Recién con la Constitución de 1853, se pudo afianzar la organización institucional, pues en su texto se logró un equilibrio entre el interior y Buenos Aires, al respetarse los pactos preexistentes, que menciona el Preámbulo, en especial el Pacto Federal de 1831, ratificado por el Acuerdo de San Nicolas (1852), en que las provincias resolvieron organizarse bajo el sistema federal de Estado.

A partir de ese hito, nuestra sociedad atravesó muchas circunstancias que no podemos describir ahora. Baste decir, que el poder público fue debilitándose y perdiendo la homogeneidad que debería tener según el texto constitucional que, también, fue distorsionado con la reforma de 1994. A su vez, la nacionalidad argentina fue sufriendo un lento desdibujarse.
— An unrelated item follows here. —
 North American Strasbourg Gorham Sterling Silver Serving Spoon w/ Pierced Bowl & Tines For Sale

Pese a tantos aspectos negativos, son tan fuertes las raíces, y la Providencia nos ha bendecido con tantas riquezas naturales, que es posible que la Argentina recupere el rumbo y desarrolle todas sus potencialidades. Por cierto que ello no ocurrirá como consecuencia necesaria de elaborar un buen diagnóstico. Es insensato confiar en que, precisamente en el momento más difícil de la historia nacional, podrá producirse espontáneamente un cambio positivo. Sólo podrá lograrse si un número suficiente de argentinos con vocación patriótica, se decide a actuar en la vida cívica buscando la manera efectiva de influir en ella, en la misma línea que nos marca nuestro pasado. Es evidente que no podrán los dirigentes de un país ocuparse eficazmente de su futuro, sino tienen asumido su pasado. Como afirmó el sociólogo Alain Touraine: “Yo no conozco ningún caso de un país que se haya desarrollado sin tener una fuerte conciencia nacional” (La Nación, 18-4-2004).

Los altos índices de corrupción, impunidad, inseguridad, y desorden, solo pueden ser corregidos por la autoridad pública, y para eso el gobierno debe estar integrado por dirigentes honestos, competentes y patriotas.
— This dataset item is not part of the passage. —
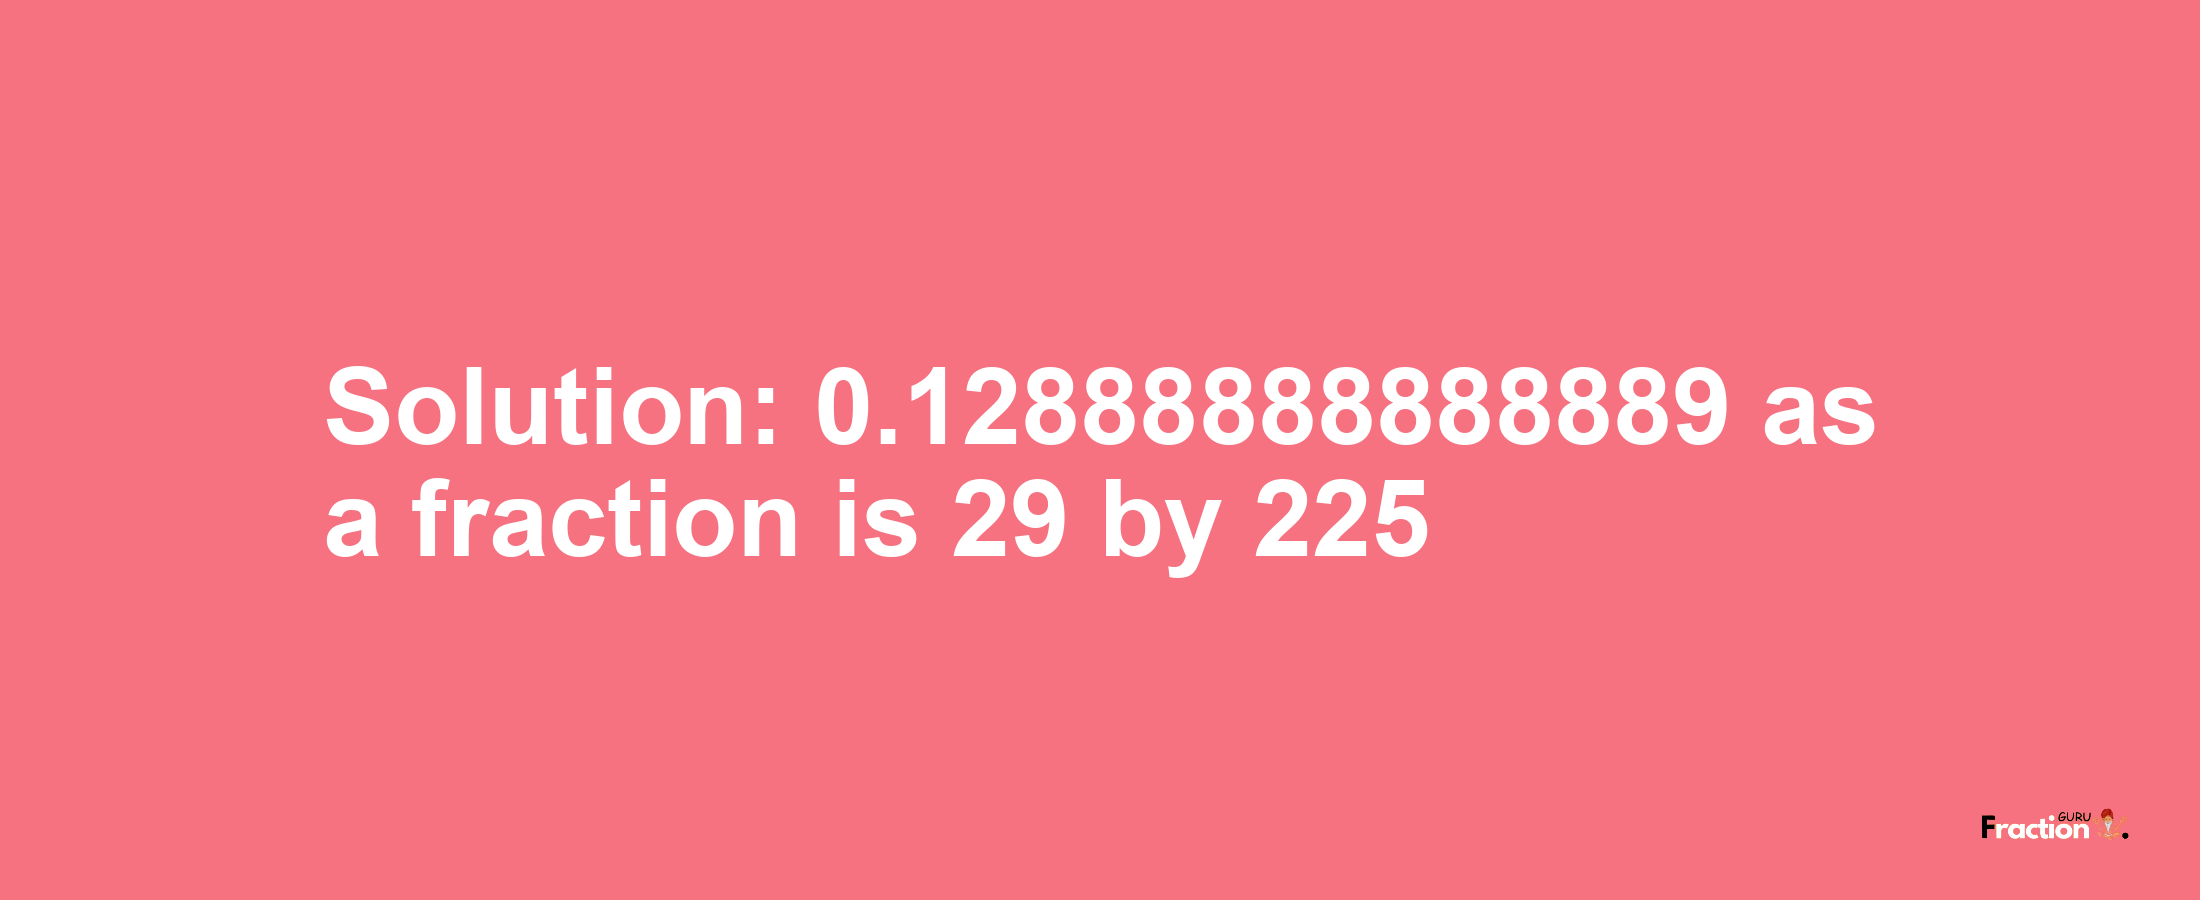 Solution:0.12888888888889 as a fraction is 29/225

Si es correcto el análisis, la prioridad absoluta consiste en restaurar el Estado, como órgano de síntesis, planeamiento y conducción de la sociedad, y procurar que actúe eficazmente al servicio del bien común.
 Una manifestación clara del desinterés por la vida pública, se refiere al tema del proyecto nacional, frecuentemente mencionado como un elemento imprescindible para superar la crisis argentina, y se alega que la carencia del mismo es uno de los factores de dicha crisis. Tal vez por ese motivo son escasas las propuestas  realizadas en orden a la elaboración de un proyecto concreto;  las que han sido publicadas,  son únicamente las once que detallamos en un Anexo a esta ponencia. Por eso, nos interesa tratar de desbrozar los aspectos de fondo que implica encarar la elaboración de un proyecto.
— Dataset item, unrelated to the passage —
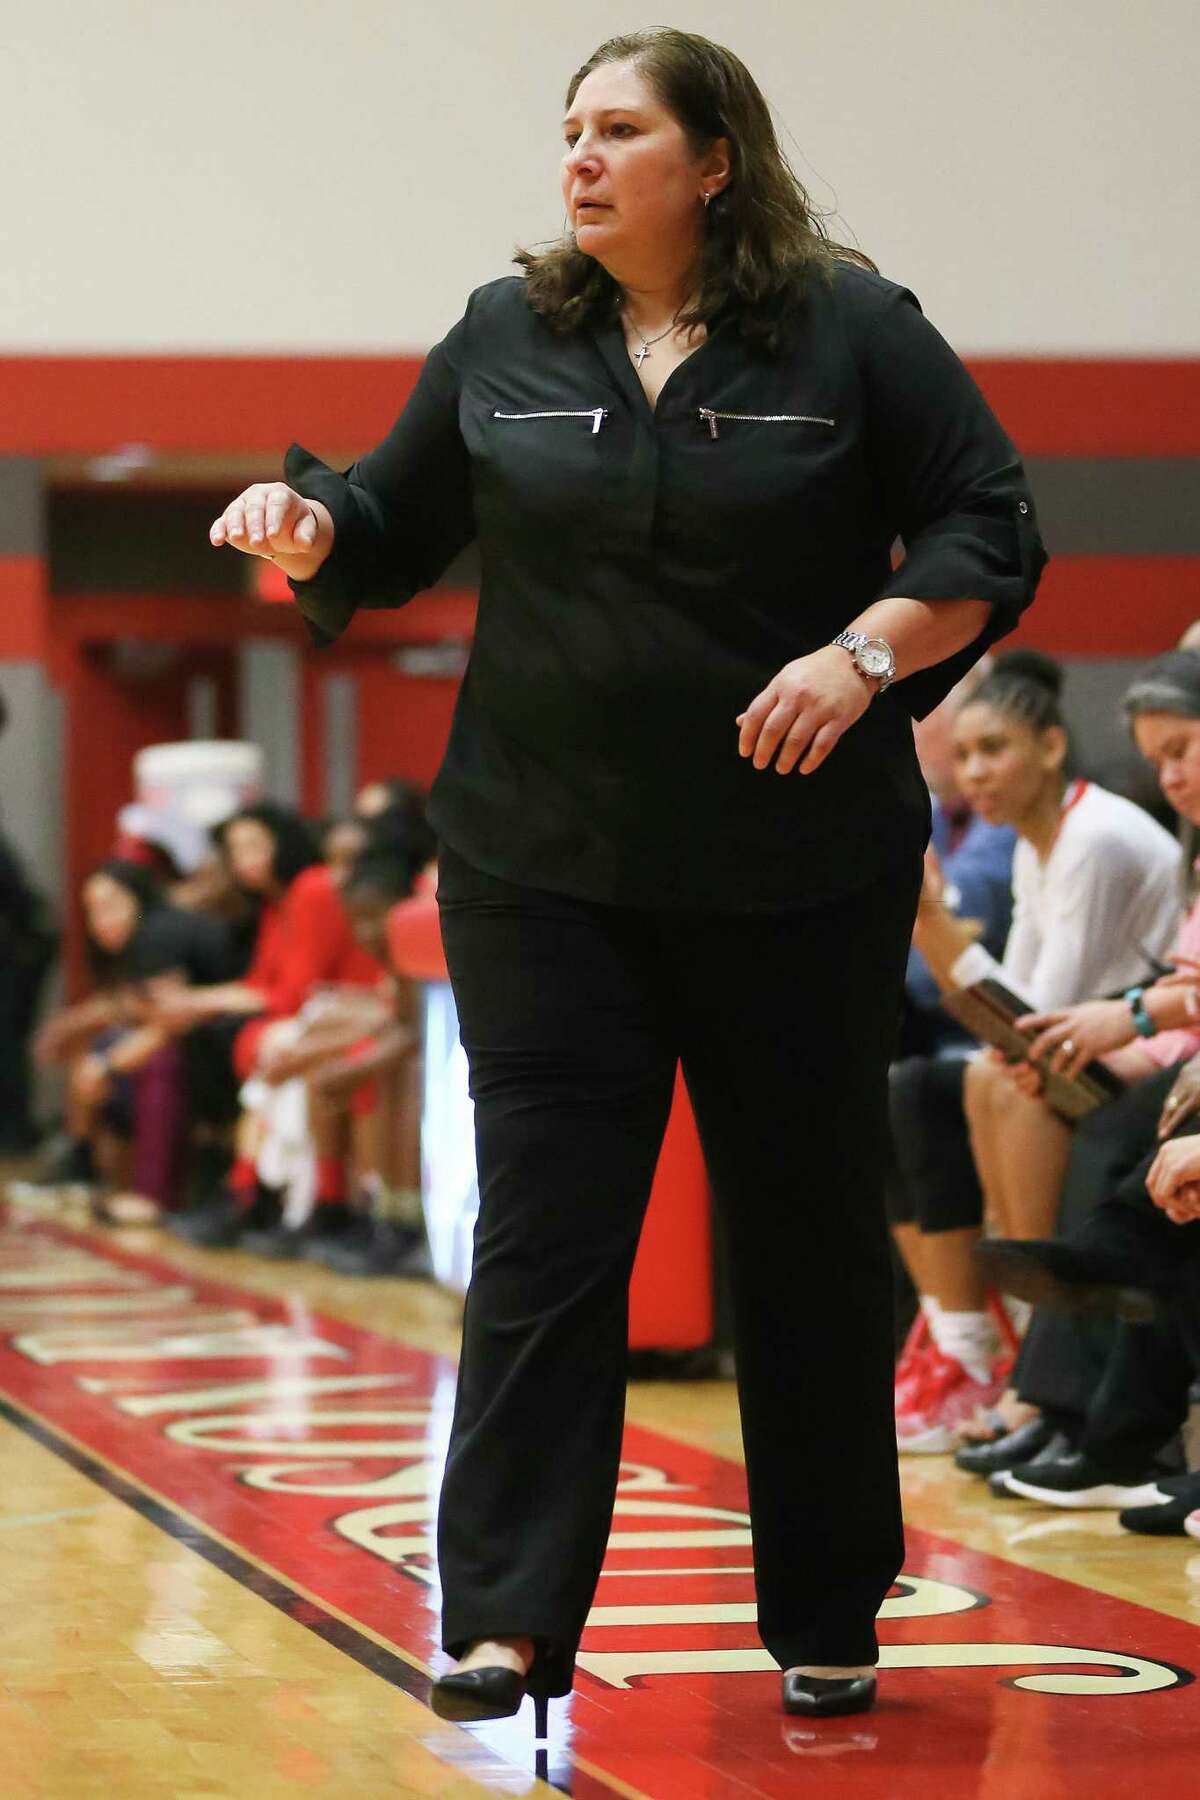 Judson coach Triva Corrales on the sideline during the second half of their District 27-6A girls basketball game with Wagner at Judson on Tuesday, Jan. 10, 2017. Judson beat Wagner 55-35 to remain undefeated in district play. MARVIN PFEIFFER/ mpfeiffer@express-news.net

Podemos definir la expresión proyecto nacional como un esquema concreto y coherente de valores, fines, políticas públicas y distribución de responsabilidades, conocido y consentido por la mayoría de la población de una sociedad[3].

Hecha esta introducción, debemos profundizar en cuestiones teóricas, bastante áridas, para determinar si es posible, estrictamente hablando, elaborar un proyecto nacional como anticipación del futuro, y que no sea, por lo tanto, una simple utopía[4]. Debemos plantearnos este interrogante sobre la factibilidad de anticipar el futuro, que se nos presenta como esperanza, como temor o como incógnita. Pero como necesitamos salir del presente, de una u otra manera tenemos que anticiparnos al porvenir.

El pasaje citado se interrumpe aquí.